# MODUPE OYEDIRAN
##modupeolayinkaoyediran@gmail.com

Movielens Data Analytics
--------------------------
For this notebook, we will be using a MovieLens sample dataset. The data includes 100,000 ratings and 3,600 tag applications applied to 9,000 movies by 600 users and can be found in https://grouplens.org/datasets/movielens/latest/

We load the data we just downloaded from the MovieLens website. The files were uploaded to an S3 bucket and loaded from there.

In [0]:
links = spark.read.format("csv").option("inferSchema", "true").option("header","true").load("dbfs:/FileStore/shared_uploads/dupe_oyediran@yahoo.com/links.csv")
movies = spark.read.format("csv").option("inferSchema", "true").option("header","true").load("dbfs:/FileStore/shared_uploads/dupe_oyediran@yahoo.com/movies.csv")
tags = spark.read.format("csv").option("inferSchema", "true").option("header","true").load("dbfs:/FileStore/shared_uploads/dupe_oyediran@yahoo.com/tags.csv")
ratings = spark.read.format("csv").option("inferSchema", "true").option("header","true").load("dbfs:/FileStore/shared_uploads/dupe_oyediran@yahoo.com/ratings.csv")
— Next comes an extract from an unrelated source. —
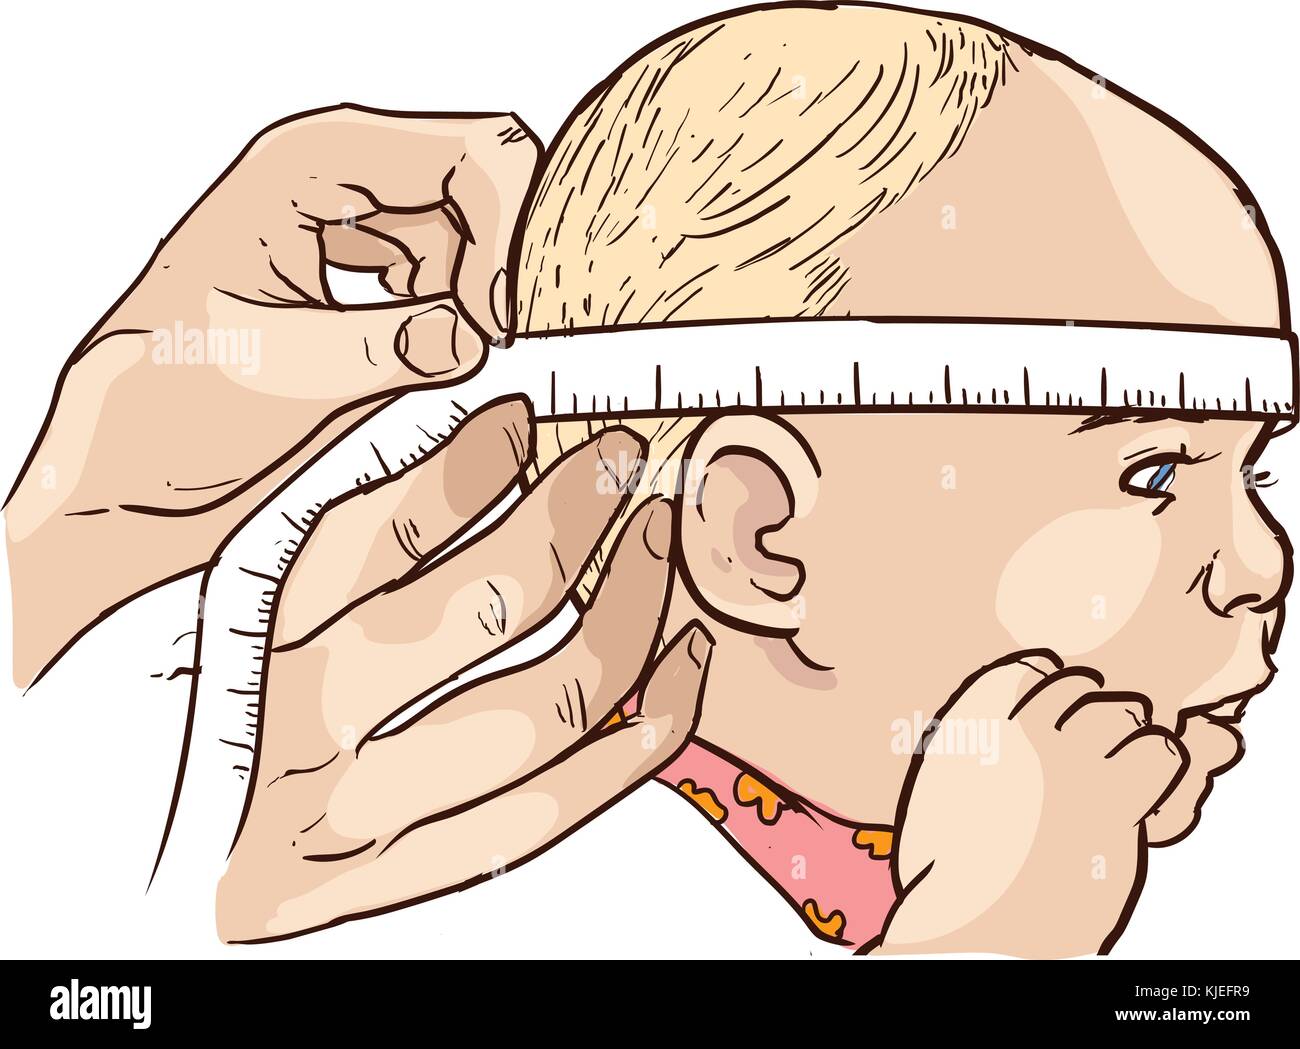 Алгоритм окружности головы. Измерение окружности головы новорожденного. Измерение окружности головы алгоритм. Измерение окружности головы у детей алгоритм. Измерение окружности головы у детей до 1 года.

Once the data is loaded, we take a look at them by using the show action is spark.

In [0]:
links.show()

In [0]:
movies.show()

In [0]:
tags.show()

In [0]:
ratings.show()

As we cans see in the table previews, the year of the movie is embeded in the movie title. In order to extract this information, I created a User Defined Function(UDF) that takes the year when available, otherwise it returns null.

In [0]:
from pyspark.sql.functions import udf
import pyspark.sql.functions as F

def get_year(title):
  try:
    return(int(title[-5:-1]))
  except:
    return(None)

get_year_udf = udf(get_year)

In [0]:
movies = movies.withColumn("year", get_year_udf(movies.title))
movies.show()

# Insights

As part of the analysis of this dataset, it would be useful to have the average rating for each movie. In the following cell of code, I aggregate over the ratings table to get the average rating for each movie ID.

In [0]:
from pyspark.sql.types import FloatType
from pyspark.sql.functions import bround
from pyspark.sql.functions import mean

ratings_agg = ratings.groupBy("movieId").agg(mean("rating").alias("avg_rating"))
ratings_agg = ratings_agg.withColumn("average_rating", ratings_agg.avg_rating.cast(FloatType())).drop("avg_rating").withColumnRenamed("average_rating", "avg_rating")
ratings_agg = ratings_agg.select("movieId",bround("avg_rating",2).alias("avg_rating"))
ratings_agg.show()

In [0]:
joined_movies = movies.join(ratings_agg,"movieId")
joined_movies.show()

Here we evaluate the average rating by year to identify if there is a trend in the ratings either to decrease or increase over the years. Visually, it is not possible to appreaciate such trend, but it was possible to identify some outlayer values in the year column.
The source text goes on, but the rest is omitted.